心知小七是个急性子,阿锦不由暗笑,现下离花娘装扮的时辰还早,小七大可不必如此急躁。只是一想起子兰,阿锦便有些不安起来,她也有很长一段时间未曾见到子兰,认真算来,自她当了妩儿的贴身服侍的这些年来,便没有见过她,子兰仿佛是一直避着妩儿,连带着自己。子兰曾经是妩儿的贴身婢女,说起来还是自己的前辈,只是后来不知为何接起客来,阿锦脑里越想越乱,剪不断理不乱,阿锦摇了摇头,也不再去想这些闷人的事情。
阿锦穿过长廊走到后花园,很快便看到隐在假山后的三生亭。
三生亭,有道是笑三生,醉三生,梦三生,三生三世,这便是三生亭的由来。
不知为何,每次来到三生亭时,阿锦心里都会有种说不出的苍凉。
“子兰,你苦,春满楼里谁人不苦?”阿锦刚往前走几步,便听到三娘无奈的声音,她不由脚下一顿,想了想,最后止步不前。
“三娘,我……”一声子兰,欲语泪先流,子兰几乎泣不成声,她从怀里掏出手帕掩面而泣,低低地哽咽起来。
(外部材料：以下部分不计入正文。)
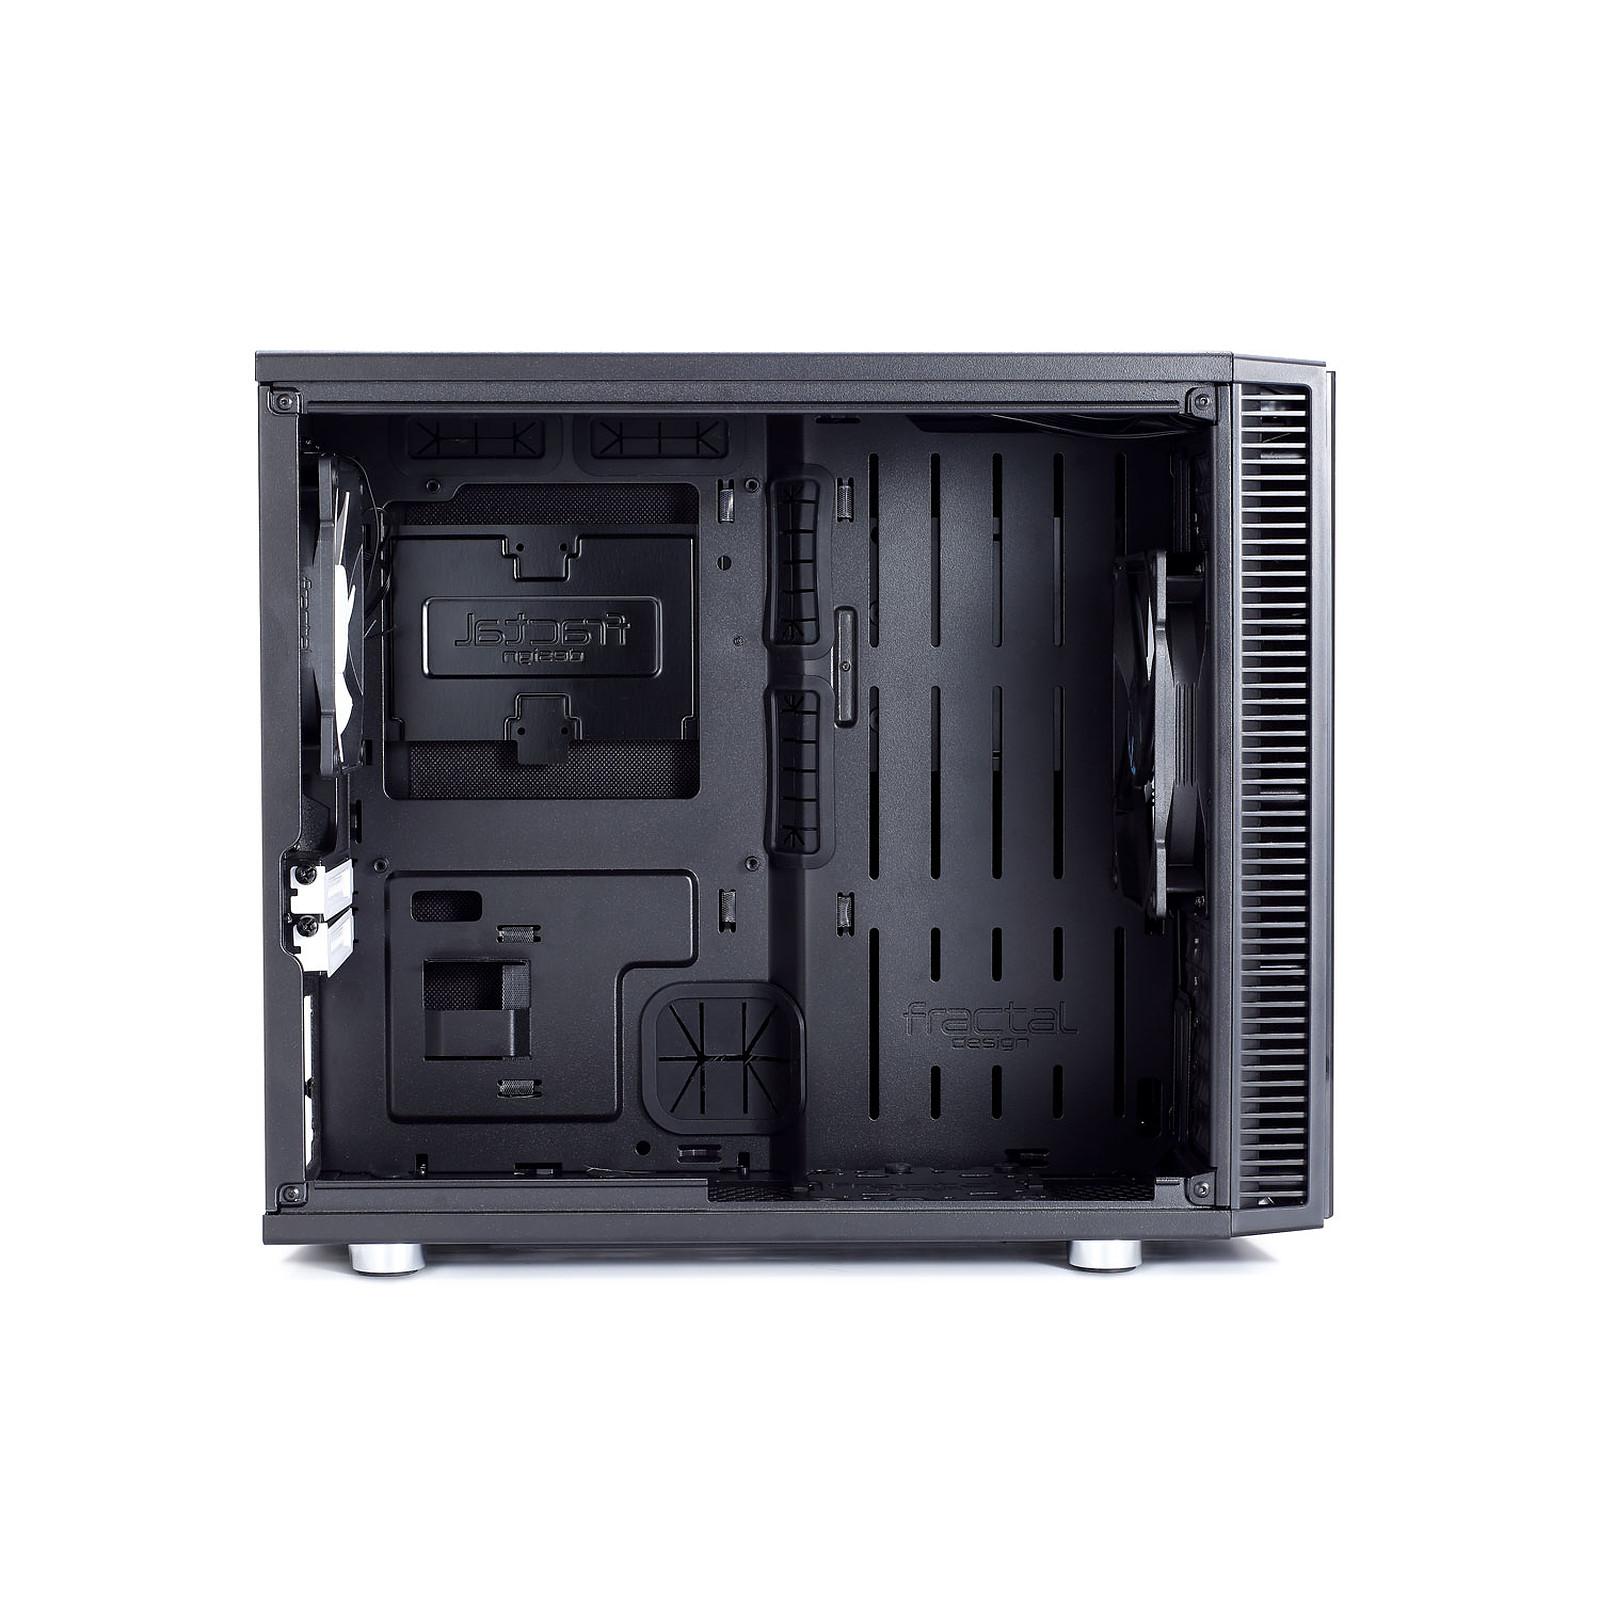 Boitier PC ITX Fractal Design Define Nano S Noir avec fenêtre sans alim, informatique ile de la Réunion 974
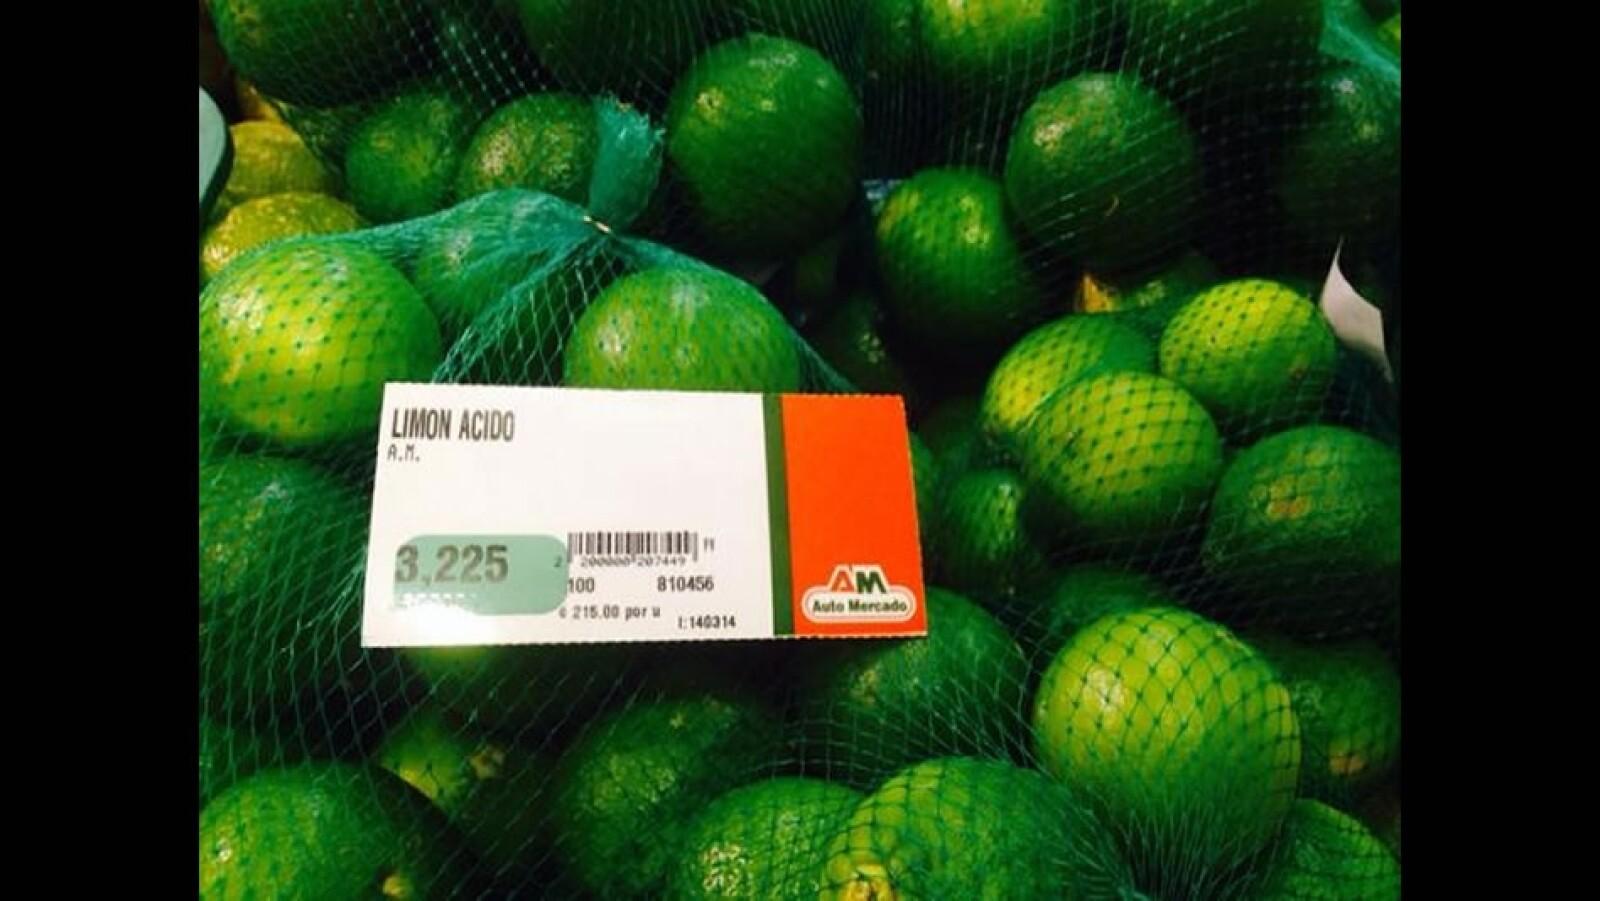 Los 'ticos' también pagan caro el limón

子兰如何不知春满楼里的人都有一个没有说的故事,她天性不善与人争,不喜与人妒,唯一的心愿便是替自己赎身,与心念之人过上朝作暮息的生活,可便是那样的简单愿望,也被人粉碎,碎成一地,每日如同在炼狱里,还要过着强颜欢笑的日子,每日如行尸走肉般……
“这么多年过去了,不过是个心结,何就不能放下呢?”三娘伸出手指,轻轻地敲打着石几,语气深长地道。
“她做了那样的事,让我如何轻易放下。”子兰何尝没有试过放下,只是,每当夜深人静时,自己睁眼便看到漫无边际的黑暗,如同自己的人生一样,看不到一丝的光明。
晶莹的泪珠自子兰的指间划落,滴在地上,似在无声地诉说着哀伤。
“你放下下这个结,亦是不原谅你自己。”看着子兰如此,三娘无力地抚了抚额,当年之事,谁对谁错有什么重要,何必如此颇固,于人于己无益。
“三娘,如今这样,我还有什么面目说这话?”原谅,对自己来说是那么的奢侈,子兰扬起满是泪水的脸,心头浮起一层窒息。
如今她再也回不去了,在那小小山村里,等着自己的阿牛哥,等着自己的未来。
“你就不肯给自己一个机会?”三娘眼见子兰的泪水没有停过,心里一阵唏嘘,可还是不得不硬着心肠,沉下脸。
春满楼这个地方,最需要的是眼泪,可最不需要的亦是眼泪,落得最多,到头来伤心的还是自己,这些年来,三娘也学会慢慢冷下心肠来,她不是没有见过可怜的人,可这里不需要可怜人,这里是只见新人笑,不见旧人哭的地方。
三娘顿了顿,还是将已经到嘴边的话说了出来,“这里是青楼,你是青楼女子。”
子兰只觉雷鸣响过般,那巨响的声音在耳边炸开,她忘记了哭泣,只是张着嘴巴,想说什么却被人死死扼着,最后,她低下死灰般的脸,终是无力地点了点头。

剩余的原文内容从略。